In general, a civil action may be brought in "(1) a judicial district in which any defendant resides, if all defendants are residents of the State in which the district is located; (2) a judicial district in which a substantial part of the events or omissions giving rise to the claim occurred, or a substantial part of property that is the subject of the action is situated; or (3) if there is no district in which an action may otherwise be brought as provided in this section, any judicial district in which any defendant is subject to the court's personal jurisdiction with respect to such action." 28 U.S.C. § 1391(b). Actions removed from state court are, however, removed "to the district court of the United States for the district and division embracing the place where such action is pending." 28 U.S.C. § 1441(a). Relying on § 1441(a), courts have ruled that § 1391 does not apply to a case that has been removed from state court; venue for such a case is proper in the District Court that embraces the state court from which the case was removed. See, e.g., Phillips v. Reed Grp., Ltd., 955 F. Supp. 2d 201, 235 (S.D.N.Y. 2013) (citing, inter alia, PT United Can Co. v. Crown Cork & Seal Co., 138 F.3d 65, 72 (2d Cir. 1998)).

Section 1404 of Title 28 of the United States Code provides that "[f]or the convenience of parties and witnesses, in the interest of justice, a district court may transfer any civil action to any other district or division where it might have been brought or to any district or division to which all parties have consented." Courts have "wide latitude to decide whether to transfer venue." Enigma Software, 260 F. Supp 3d at 406 (quoting Everlast, 928 F. Supp 3d. at 743) (internal quotation marks omitted). Courts first determine whether the action could have been brought in the prospective transferee district, and then consider whether transfer would be appropriate. Id. at 407 (quoting Everlast, 928 F. Supp 3d. at 743). To guide this inquiry, courts balance a number of factors including "(1) the convenience of the witnesses; (2) the convenience of the parties; (3) the location of relevant documents and the relative ease of access to sources of proof; (4) the locus of operative facts; (5) the availability of process to compel the attendance of unwilling witnesses; (6) the relative means of the parties; (7) the forum's familiarity with the governing law; (8) the weight accorded the plaintiff's choice of forum; and (9) trial efficiency and the interests of justice." Id. (quoting Everlast, 928 F. Supp 3d. at 743) (internal quotation marks omitted). See also Dickerson v. Novartis Corp., 315 F.R.D. 18, 27 (S.D.N.Y. 2016) (quoting Steck v. Santander Consumer USA Holdings Inc., No. 14-cv-6942 (JPO), 2015 WL 3767445, at *2 (S.D.N.Y. June 17, 2015)) (enumerating the same factors).

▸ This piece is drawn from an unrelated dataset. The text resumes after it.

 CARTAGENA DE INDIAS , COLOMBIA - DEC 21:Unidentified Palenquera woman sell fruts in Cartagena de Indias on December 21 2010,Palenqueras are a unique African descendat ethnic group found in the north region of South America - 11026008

This list of factors is not exhaustive; there is no rigid formula for balancing them; and no single factor is determinative. Dickerson, 315 F.R.D. at 27 (citing Pausch Med. GmbH v. Pausch LLC, No. 14-cv-1945 (PAC), 2015 WL 783365, at *1 (S.D.N.Y. Feb. 24, 2015) and quoting Citigroup Inc. v. City Holding Co., 97 F. Supp. 2d 549, 561 (S.D.N.Y. 2000)). See also Tlapanco, 207 F. Supp. 3d at 328 ("No one factor is dispositive and the relative weight of each factor depends on the particular circumstances of the case.") (quoting Smart Skins LLC v. Microsoft Corp., No. 14-CV-10149 (CM), 2015 WL 1499843, at *4 (S.D.N.Y. Mar. 27, 2015) (internal quotation marks omitted)). Courts have "broad discretion in making determinations of convenience under Section 1404(a) and notions of convenience and fairness are considered on a case-by-case basis." D.H. Blair & Co. v. Gottdiener, 462 F.3d 95, 106 (2d Cir. 2006) (citing In re Cuyahoga Equip. Corp., 980 F.2d 110, 117 (2d Cir. 1992)). The party seeking transfer bears the burden of proof, and must present clear and convincing evidence to warrant transfer. Dickerson, 315 F.R.D. at 27 (citing New York Marine & Gen. Ins. Co. v. Lafarge N. Am., Inc., 599 F.3d 102, 114 (2d Cir. 2010)).

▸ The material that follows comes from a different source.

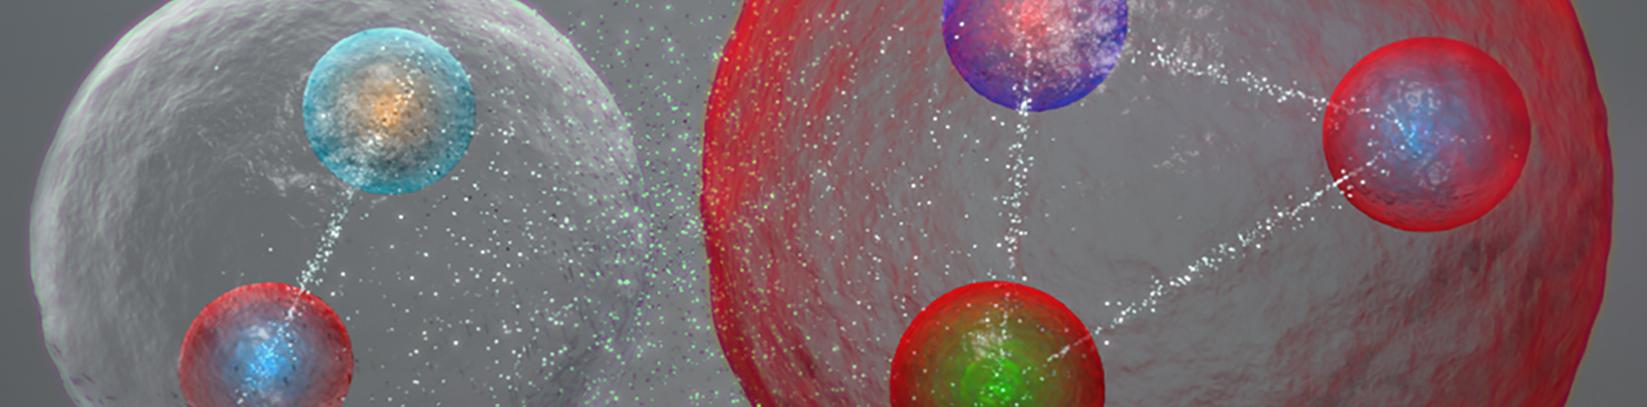 QCD, interacción fuerte, fuerza nuclear fuerte, pentaquark, quark, física hadrónica,

B. Venue in the Southern District is Not Improper

As discussed above, a court can appropriately consider venue motions before addressing personal jurisdiction, particularly when the transferee court would have personal jurisdiction over the complaining defendants. Courts have general personal jurisdiction over individuals in their state of domicile. See, e.g., Daimler AG v. Bauman, 571 U.S. 117, 137 (2014) (quoting Goodyear Dunlop Tires Operations, S.A. v. Brown, 564 U.S. 915, 924 (U.S. 2011)); Yagman v. Kelly, No. 17-CV-6022-MWF-PJWX, 2018 WL 2138461, at *5-6 (C.D. Cal. Mar. 20, 2018) (citing Daimler and finding the court lacks general jurisdiction over individual defendants domiciled in Pennsylvania, Connecticut, and Maryland). The Central District of California would plainly have personal jurisdiction over Defendants, as each is domiciled in Orange County, California, which falls within the Central District of California. See Removal ¶¶ 7-8. Thus, the Court finds it appropriate to address Defendants' motions as to venue prior to addressing their motion to dismiss for lack of personal jurisdiction.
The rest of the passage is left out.